Note that we initialize the demes as fixed for the locally benefecial allele. We assume complete mixing at the tetraploid level, and no migration in the other cytotypes.

hab = TwoDemeHabitat([0., 0., 0.5], deme1, deme2)
Main.var"##663".TwoDemeHabitat{Float64}([0.0, 0.0, 0.5], Deme, allele frequency = 1.0000
Node (ploidy=2) 1.00, genotypes: 1.0000, 0.0000, 0.0000
Node (ploidy=3) 0.00, genotypes: NaN, NaN, NaN, NaN
Node (ploidy=4) 0.00, genotypes: NaN, NaN, NaN, NaN, NaN
, Deme, allele frequency = 0.0000
Node (ploidy=2) 1.00, genotypes: 0.0000, 0.0000, 1.0000
Node (ploidy=3) 0.00, genotypes: NaN, NaN, NaN, NaN
Node (ploidy=4) 0.00, genotypes: NaN, NaN, NaN, NaN, NaN

We find the equilibrium numerically:

xs = iterate_map(generation, hab, 10000)
plot_sim(xs, xscale=:log10)

The equilibrium allele frequency of the deleterious allele is about 4%.

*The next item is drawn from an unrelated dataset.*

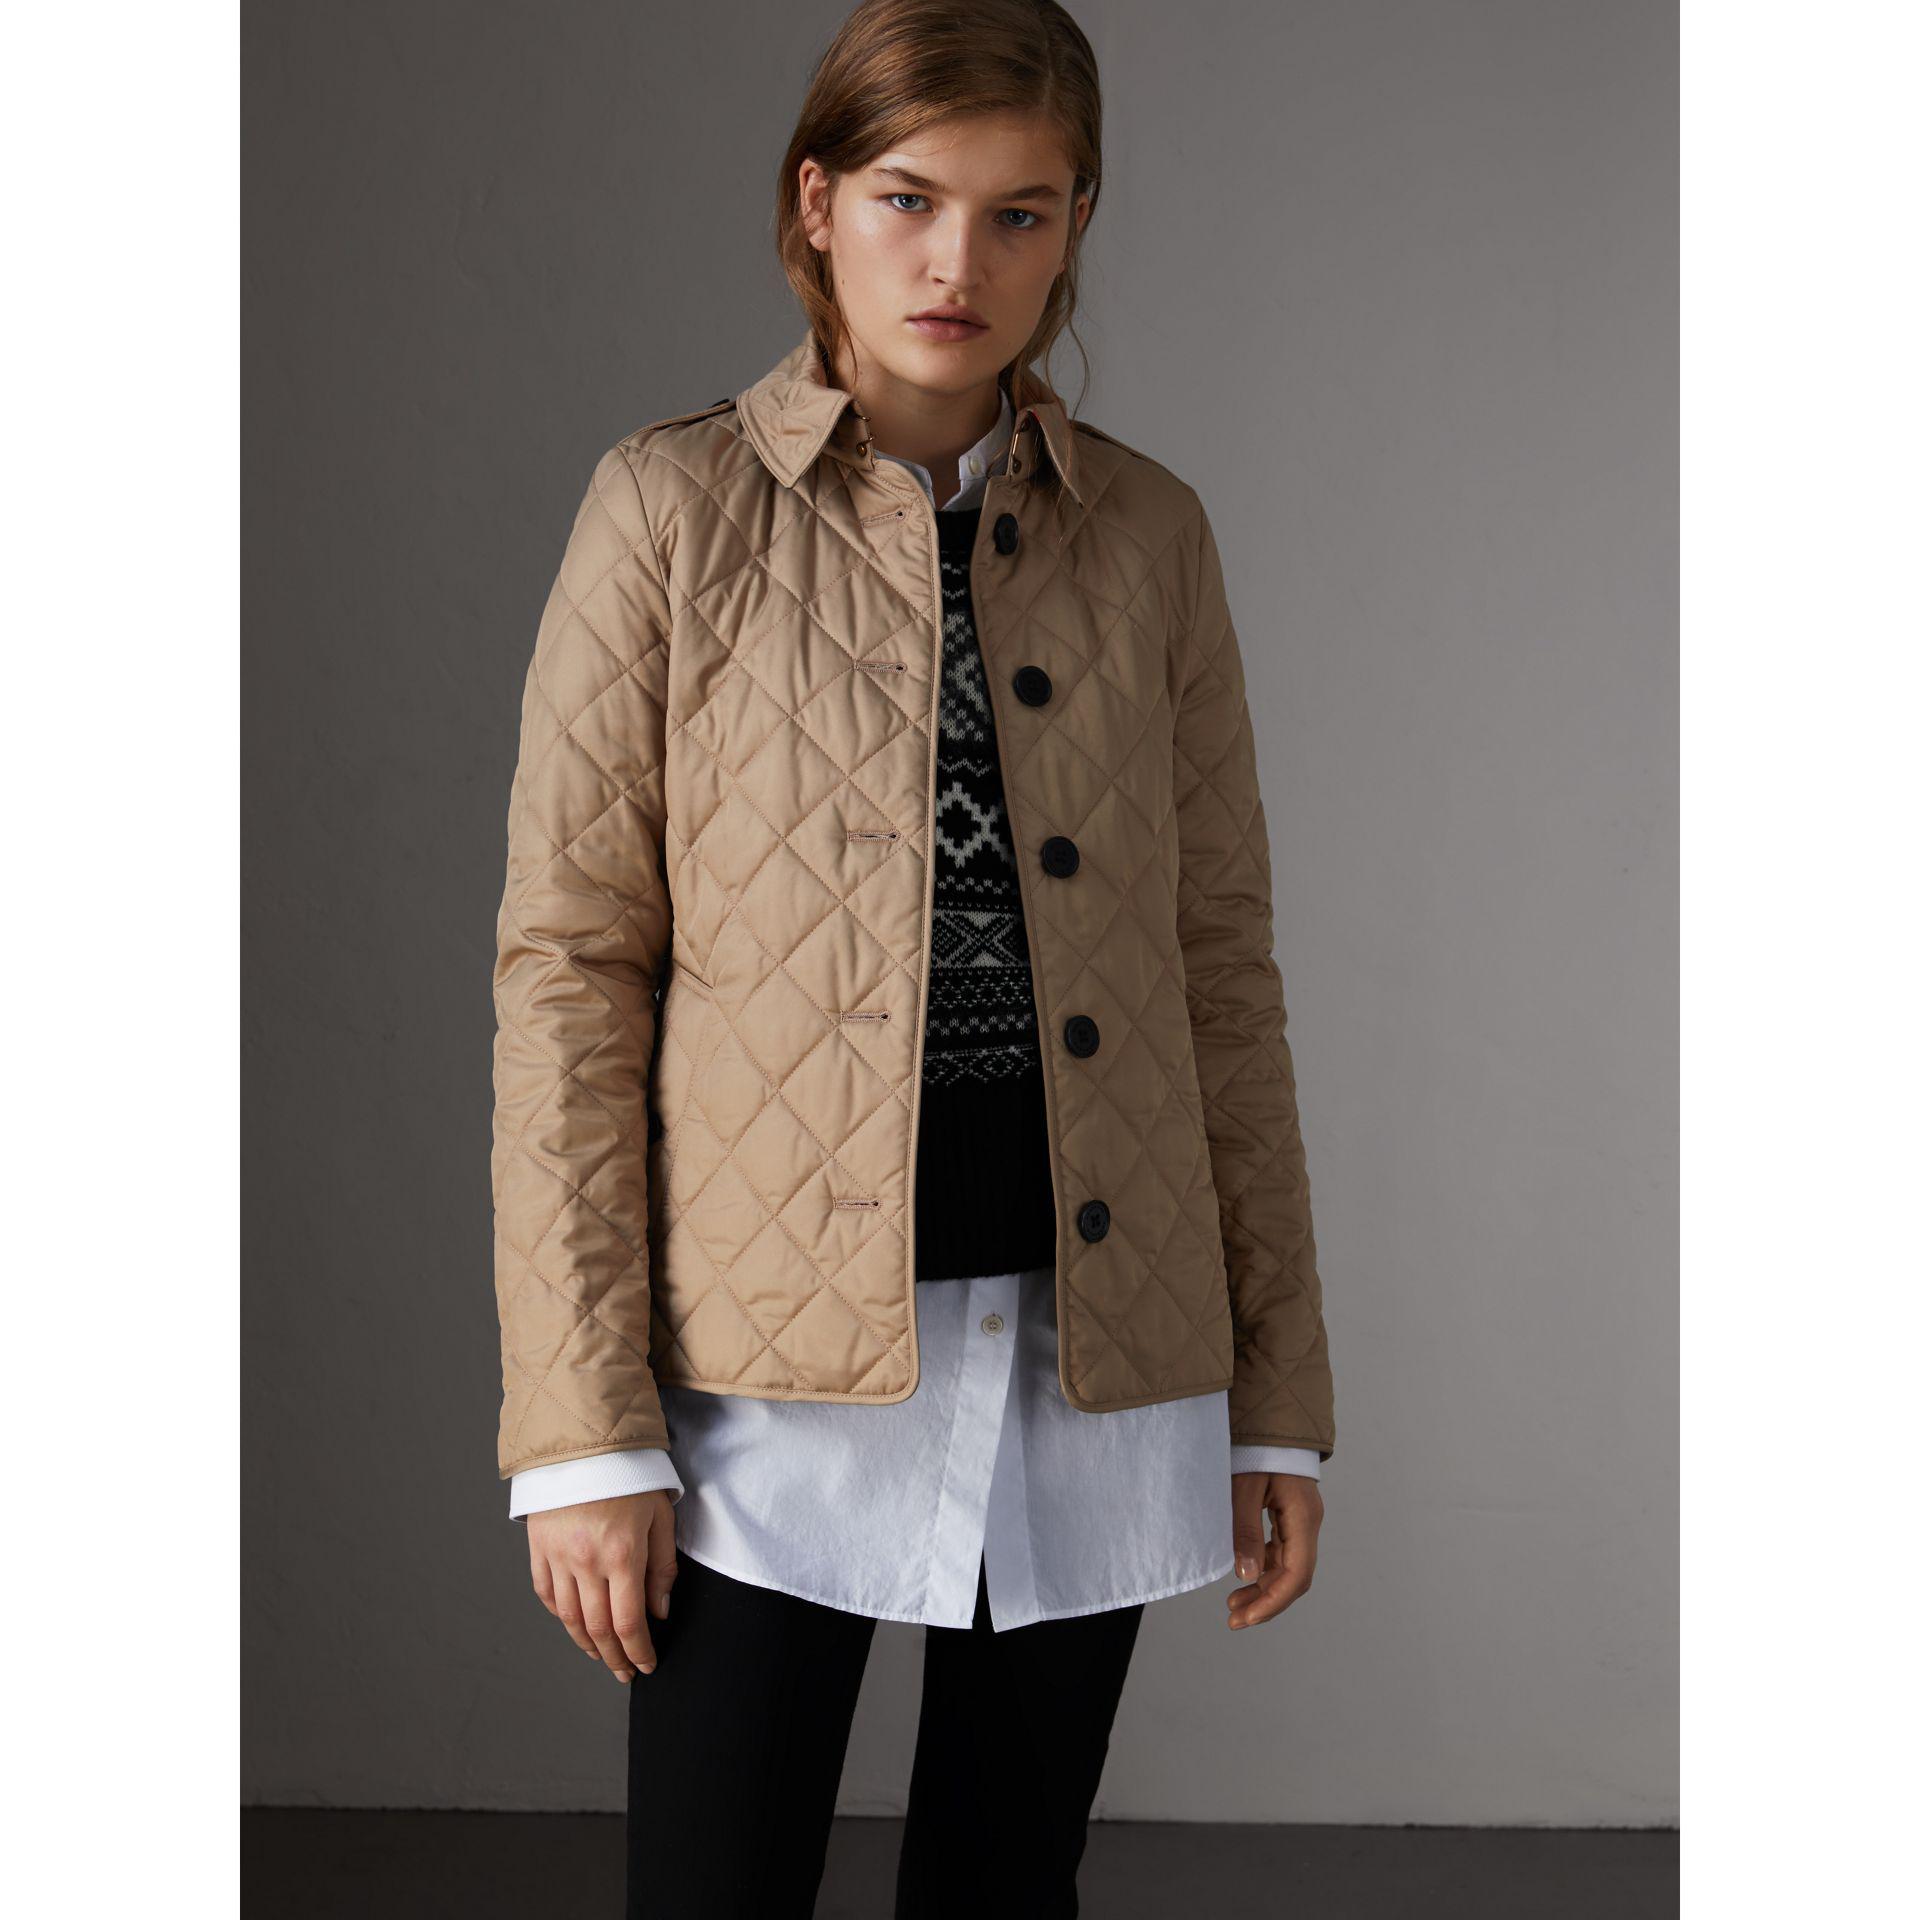 burberry frankby quilted jacket canvas

Main.var"##663".TwoDemeHabitat{Float64}([0.0, 0.0, 0.5], Deme, allele frequency = 0.9595
Node (ploidy=2) 0.89, genotypes: 0.9278, 0.0709, 0.0012
Node (ploidy=3) 0.11, genotypes: 0.8787, 0.0743, 0.0455, 0.0015
Node (ploidy=4) 0.00, genotypes: 0.4170, 0.0405, 0.0851, 0.0405, 0.4170
, Deme, allele frequency = 0.0405
Node (ploidy=2) 0.89, genotypes: 0.0012, 0.0709, 0.9278
Node (ploidy=3) 0.11, genotypes: 0.0015, 0.0455, 0.0743, 0.8787
Node (ploidy=4) 0.00, genotypes: 0.4170, 0.0405, 0.0851, 0.0405, 0.4170

We could compute such equilibria for many local adaptation scenarios, polyploid fitnesses, fertilities, migration rates, etc. We could also consider other aspects of polyploid genetics currently ignored, such as double reduction, and the different ways of generating unreduced gametes (first division restitution, second division restitution, ...).